Zur Datenerhebung wurde eine rekonstruktiv-hermeneutische Methodik angewandt, bei der narrative Interviews (n=15) mit Paaren geführt wurden, um differenzierte Einblicke in die Beziehungsgestaltung, den Umgang mit Herausforderungen und die Integration der Betroffenheit in den Alltag zu erhalten. Die Datenerhebung erfolgte in einem iterativen Verfahren, bei dem Teilnehmer*innen nach Differenzierungsmerkmalen wie Schwere der Betroffenheit, Bildungsstand und Lebenssituation ausgewählt wurden (von Bosse et al., 2025). Dieses Vorgehen zielte auf eine breite Heterogenität der Stichprobe ab. Die Stichprobe umfasste insgesamt 30 Personen, bestehend aus 15 Ehepaaren, die jeweils in einem gemeinsamen Haushalt leben. Das durchschnittliche Alter der Patient*innen lag bei 61,5 Jahren, mit einer Altersspanne von 47 bis 75 Jahren. Alle Patient*innen wohnen gemeinsam mit ihren Ehepartner*innen in ländlichen Regionen oder in klein- bis mittelgroßen Städten. Die durchschnittliche Ehedauer betrug 33 Jahre, wobei die Spannbreite zwischen 15 und 52 Jahren lag. Ein Großteil der Partner*innen übernimmt unterstützende Aufgaben im häuslichen Umfeld, insbesondere in der pflegerischen Versorgung sowie bei therapeutischen Maßnahmen im Alltag. Die Paarinterviews fanden im häuslichen Umfeld der Paare statt und beleuchteten zentrale Themen, wie die Alltagsorganisation vor und nach dem traumatischen Ereignis, prägende gemeinsame Lebensereignisse sowie die Erfahrungen innerhalb professioneller Versorgungsstrukturen.
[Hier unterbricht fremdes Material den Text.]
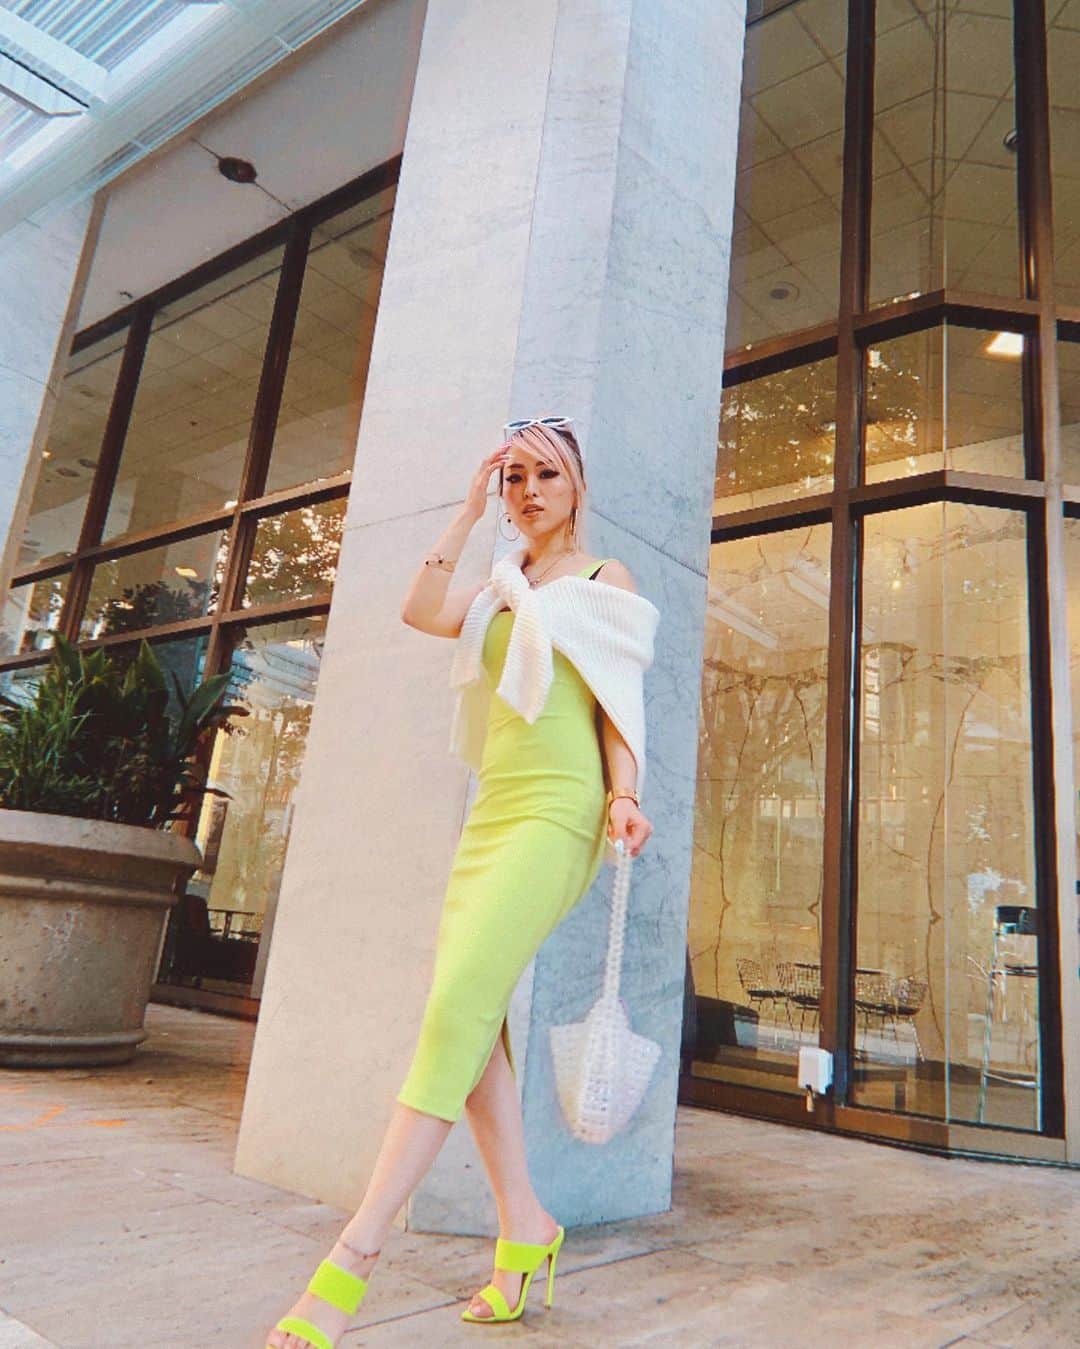 AikA♡ • 愛香 | JP Blogger • ブロガーのインスタグラム：「LIME x NEON 💚 Wasn’t a big fan of a bodycon midi dress before but now I am obsessed and I have 4 of them in different colors & prints! And sweater over shoulder is the new best summer “outerwear” when you cant find a perfect jacket in your closet. Chic, stylish yet practical 😉🙌🏻 Selling the exact bodycon dress on my @poshmark - swipe up on my IG stories 👗 ⊶ Dress - @urbanoutfitters  Sweater - @hm  Sandals - @shoedazzle  Bag - @urbanoutfitters  Sunnies - @zerouv ⊷ #mypersonalstyle #uoonyou #neongreen #petitefashion #summerlooks #stylingtips #petitefashion」

Ein gesprächsstrukturierender Zeitstrahl diente dabei als Orientierungshilfe, Struktur und Erzählstimulus für die Interviews (vgl. Abb. 2).

Figure 2:

Paarbeziehung im zeitlichen Verlauf. Bedeutsame Ergebnisse können z.B. sein: Heirat, Kinder, Hausbau, Unfall, Akutphase nach Trauma, Frührehabilitation, Umzug etc., eigene Abbildung

Die Datenauswertung erfolgte mittels der dokumentarischen Methode (DM) (Bohnsack et al., 2010), um die impliziten Deutungsmuster der Paare zu rekonstruieren und deren individuelle sowie kollektive Bedeutungszuschreibungen im Kontext der Rehabilitationsprozesse zu ermitteln. In diesem Zusammenhang wurden drei zentrale Beziehungstypen identifiziert, die in unterschiedlicher Weise mit der veränderten Lebenssituation und den Herausforderungen des Rehabilitationsprozesses umgehen. Eine ausführliche Darstellung des methodischen Vorgehens sowie der Ergebnisse ist in einer gesonderten Publikation verfügbar (von Bosse et al., 2025). Im Folgenden werden die drei Beziehungstypen kurz vorgestellt.

Maintainers (Aufrechterhaltende)

Diese Paare behalten ihre etablierten Rollen innerhalb der Beziehung bei, wobei eine Person in einer dominanten und die andere in einer passiveren Rolle verbleibt oder eine Symmetrie der Mitbestimmung aufrechterhalten wird. Der Alltag wird vor allem durch die Anpassung gemeinsamer Aktivitäten an die Einschränkungen bewältigt (z.B. Aufrechterhalten von gemeinsamen Spaziergängen, jedoch mit verringerter Gehstecke), wodurch Stabilität und Kontinuität in der Beziehung erhalten bleiben. Diese Orientierung an vor der Krankheit bestehenden Strukturen bietet in belastenden Situationen Sicherheit und Unterstützung, da sie eine Verlässlichkeit innerhalb der Beziehung schafft. Obwohl die Rollen an die veränderten Umstände angepasst werden können, bleibt ihre grundlegende Struktur unverändert. Diese Konstanz stellt eine zentrale Ressource im Bewältigungsprozess dar. Allerdings birgt dieser Ansatz die Herausforderung, dass notwendige Veränderungen und eine kritische Auseinandersetzung mit der neuen Realität möglicherweise nicht in ausreichendem Maße erfolgen, da zu sehr an alten Strukturen und Routinen festgehalten wird, was die Anpassungsfähigkeit der Beziehung langfristig beeinträchtigen kann.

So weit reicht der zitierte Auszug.